心虛,她現在非常心虛,就怕自己下藥和控制薛道人的事情被知曉,汪澄海要同她反目。
“只是覺得你簪牡丹漂亮,所以特地找工匠給你做了一支。”汪澄海似乎並無察覺她的野心,“這簪子裡有個機關,你大可以往裡頭藏些毒粉毒丸,作防身之用。”
牡丹,這是在暗示她收入手中的鏡花水月嗎?至於毒丸,莫不是在暗示她給他下藥的事情被知道了?

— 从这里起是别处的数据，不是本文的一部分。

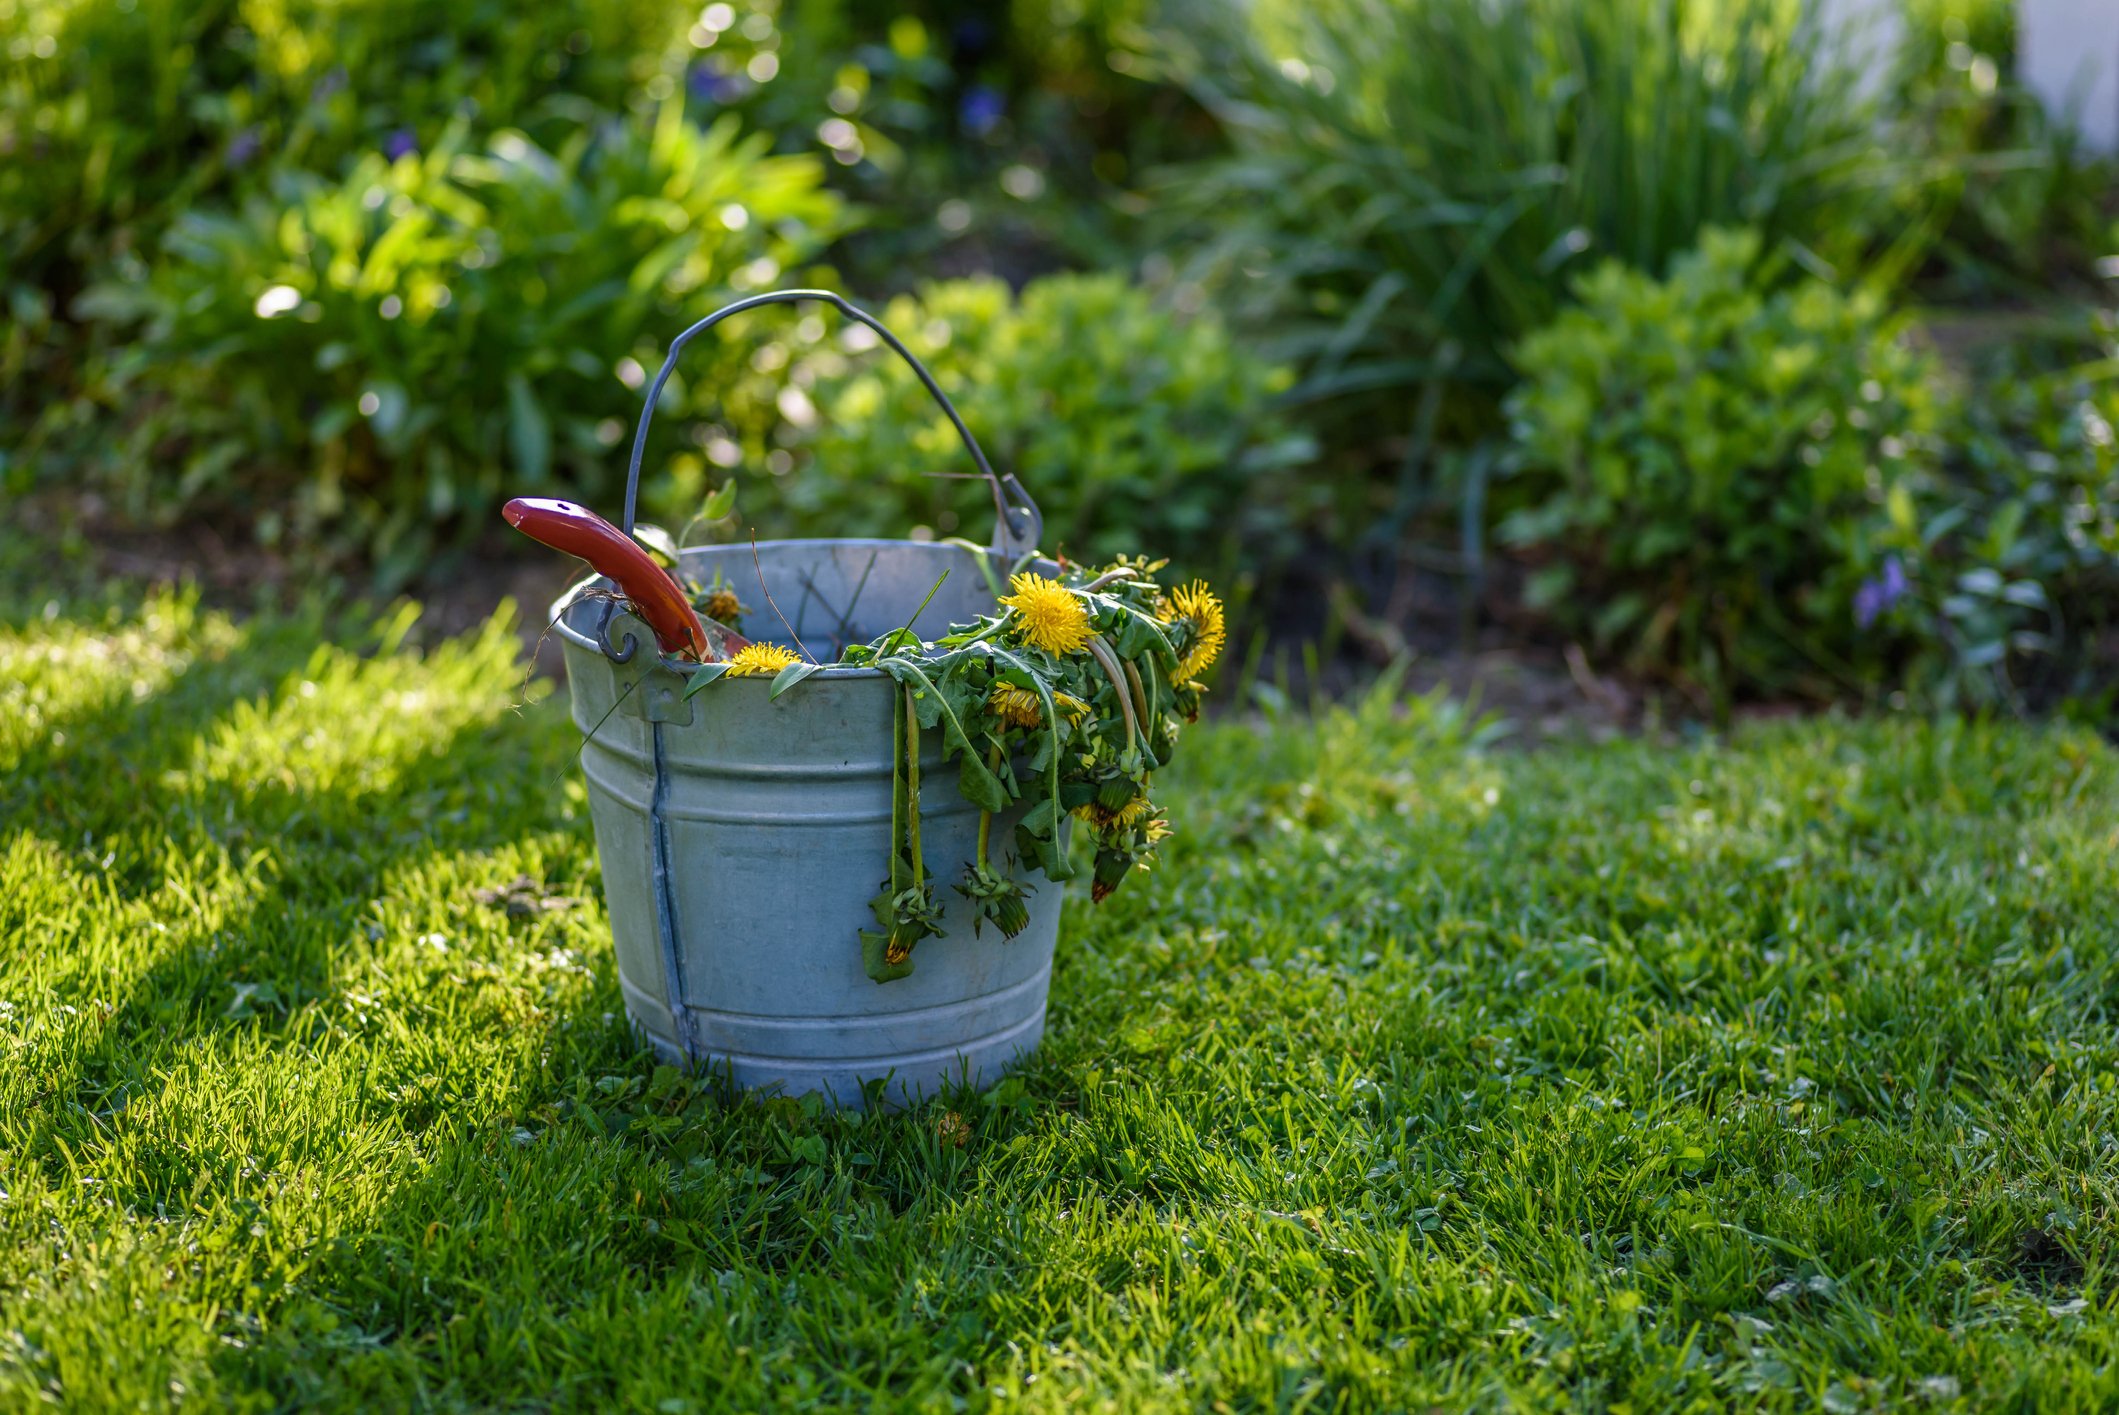 A thick, fertile lawn will help combat the growth of weeds.

又是牡丹又是毒丸的,她疑心深重,只覺得他在故意暗示她。
“說起來,我家傳之物裡也有這麼一支琉璃牡丹簪,那淡藍色的花瓣做得機器纖薄,栩栩如生,真不知道,如有一天被你戴上,會是怎樣的美景?”
汪澄海撫摸著她細滑的臉頰,微微眯起眼睛,淡笑道。
“嫣兒是世間難得的美人,應當與那牡丹極其相襯。”
這話聽來本該是尋常男子哄姑娘時的話,但此刻出之他口,卻讓她如墜冰窖。
但玉麟嫣還算是個有幾分本事的女子,很快便恢復了淡然。
“海哥這麼說,是想帶我去見見你的家人了?”她嫣然一笑。
正巧,她可以藉此機會,打探一番他的背景。
“只要你願意,”他想了想,又改口道,“只要……你不怕。”
就是不知這丫頭在知道他的真實身份之後,還能不能像現在這般,偽飾著笑容,對著他說出這麼甜的話。
“海哥,你的家人,都是什麼樣的?”
他這麼說,就是說他的家族很可怕了?
“他們都很和善,也一定會喜歡你。”汪澄海將她摟住,扣在懷裡。
玉麟嫣能清晰地聽到他的心跳。
不像是常人那樣“嘭咚嘭咚”的聲音,空空蕩蕩的,半天才響起一聲。
抱著她的人分明是個身體帶著溫熱的人,可她的背上卻冷得全是汗毛。
她一直以為自己控制著他,卻不想自己才是被狩獵撕咬的獵物。
“不把鏡花水月戴上嗎?”
在聽到這話的瞬間,她的臉上已經全無血色。
“你什麼時候知道的。”這句話噎在口中,卻怎麼也說不出口。
汪澄海也不急著質問,只是給她整理了一下臉上的碎髮,“從你拿到它的時候,我就知道了。”
“那為什麼……”
“所有戴上它的人都死了,所以,我相信你那樣聰慧不至於自尋死路。”
他垂著頭看她,房間裡不知何時只剩下微弱的燭光,照不亮他的臉,只讓人心驚膽戰。
玉麟嫣也不知道自己有什麼勇氣抬起頭看他的臉,只見那張臉有一瞬地扭曲,似乎變成了別人的臉。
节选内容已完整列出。